(Data items)
..............................

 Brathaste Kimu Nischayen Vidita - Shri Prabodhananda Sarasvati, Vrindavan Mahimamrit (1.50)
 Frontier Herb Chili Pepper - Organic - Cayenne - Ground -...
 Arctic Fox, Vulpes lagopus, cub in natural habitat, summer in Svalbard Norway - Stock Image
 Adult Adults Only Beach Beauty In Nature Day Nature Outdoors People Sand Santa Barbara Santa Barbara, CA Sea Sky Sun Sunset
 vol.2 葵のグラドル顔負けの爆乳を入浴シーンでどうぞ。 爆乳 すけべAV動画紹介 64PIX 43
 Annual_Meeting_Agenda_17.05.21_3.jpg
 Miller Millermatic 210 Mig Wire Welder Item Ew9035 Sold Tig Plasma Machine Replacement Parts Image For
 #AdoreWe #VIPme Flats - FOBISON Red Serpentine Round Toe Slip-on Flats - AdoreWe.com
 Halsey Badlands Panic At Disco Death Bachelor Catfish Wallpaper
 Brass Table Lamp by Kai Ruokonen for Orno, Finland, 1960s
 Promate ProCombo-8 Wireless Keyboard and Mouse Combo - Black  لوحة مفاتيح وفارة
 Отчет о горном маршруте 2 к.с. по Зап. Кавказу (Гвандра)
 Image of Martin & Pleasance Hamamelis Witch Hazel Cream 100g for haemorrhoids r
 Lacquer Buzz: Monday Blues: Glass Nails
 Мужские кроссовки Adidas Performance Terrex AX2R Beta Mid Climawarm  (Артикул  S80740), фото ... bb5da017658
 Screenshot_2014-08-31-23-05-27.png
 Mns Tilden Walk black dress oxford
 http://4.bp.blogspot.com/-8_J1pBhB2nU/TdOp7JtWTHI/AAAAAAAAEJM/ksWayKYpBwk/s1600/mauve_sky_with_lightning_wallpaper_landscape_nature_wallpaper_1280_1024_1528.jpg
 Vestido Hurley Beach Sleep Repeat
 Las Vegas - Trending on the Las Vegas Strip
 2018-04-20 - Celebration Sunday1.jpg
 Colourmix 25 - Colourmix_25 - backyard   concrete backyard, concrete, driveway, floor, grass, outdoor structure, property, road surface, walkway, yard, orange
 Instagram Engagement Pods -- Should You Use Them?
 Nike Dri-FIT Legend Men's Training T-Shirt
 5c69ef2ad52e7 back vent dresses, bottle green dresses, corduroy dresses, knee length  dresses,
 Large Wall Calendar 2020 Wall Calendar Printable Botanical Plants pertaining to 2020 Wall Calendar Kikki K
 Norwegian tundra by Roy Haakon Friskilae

..............................

Please output the complete set of records above without any alteration.

▶ **Output for this exercise**:
 Brathaste Kimu Nischayen Vidita - Shri Prabodhananda Sarasvati, Vrindavan Mahimamrit (1.50)
 Frontier Herb Chili Pepper - Organic - Cayenne - Ground -...
 Arctic Fox, Vulpes lagopus, cub in natural habitat, summer in Svalbard Norway - Stock Image
 Adult Adults Only Beach Beauty In Nature Day Nature Outdoors People Sand Santa Barbara Santa Barbara, CA Sea Sky Sun Sunset
 vol.2 葵のグラドル顔負けの爆乳を入浴シーンでどうぞ。 爆乳 すけべAV動画紹介 64PIX 43
 Annual_Meeting_Agenda_17.05.21_3.jpg
 Miller Millermatic 210 Mig Wire Welder Item Ew9035 Sold Tig Plasma Machine Replacement Parts Image For
 #AdoreWe #VIPme Flats - FOBISON Red Serpentine Round Toe Slip-on Flats - AdoreWe.com
 Halsey Badlands Panic At Disco Death Bachelor Catfish Wallpaper
 Brass Table Lamp by Kai Ruokonen for Orno, Finland, 1960s
 Promate ProCombo-8 Wireless Keyboard and Mouse Combo - Black  لوحة مفاتيح وفارة
 Отчет о горном маршруте 2 к.с. по Зап. Кавказу (Гвандра)
 Image of Martin & Pleasance Hamamelis Witch Hazel Cream 100g for haemorrhoids r
 Lacquer Buzz: Monday Blues: Glass Nails
 Мужские кроссовки Adidas Performance Terrex AX2R Beta Mid Climawarm  (Артикул  S80740), фото ... bb5da017658
 Screenshot_2014-08-31-23-05-27.png
 Mns Tilden Walk black dress oxford
 http://4.bp.blogspot.com/-8_J1pBhB2nU/TdOp7JtWTHI/AAAAAAAAEJM/ksWayKYpBwk/s1600/mauve_sky_with_lightning_wallpaper_landscape_nature_wallpaper_1280_1024_1528.jpg
 Vestido Hurley Beach Sleep Repeat
 Las Vegas - Trending on the Las Vegas Strip
 2018-04-20 - Celebration Sunday1.jpg
 Colourmix 25 - Colourmix_25 - backyard   concrete backyard, concrete, driveway, floor, grass, outdoor structure, property, road surface, walkway, yard, orange
 Instagram Engagement Pods -- Should You Use Them?
 Nike Dri-FIT Legend Men's Training T-Shirt
 5c69ef2ad52e7 back vent dresses, bottle green dresses, corduroy dresses, knee length  dresses,
 Large Wall Calendar 2020 Wall Calendar Printable Botanical Plants pertaining to 2020 Wall Calendar Kikki K
 Norwegian tundra by Roy Haakon Friskilae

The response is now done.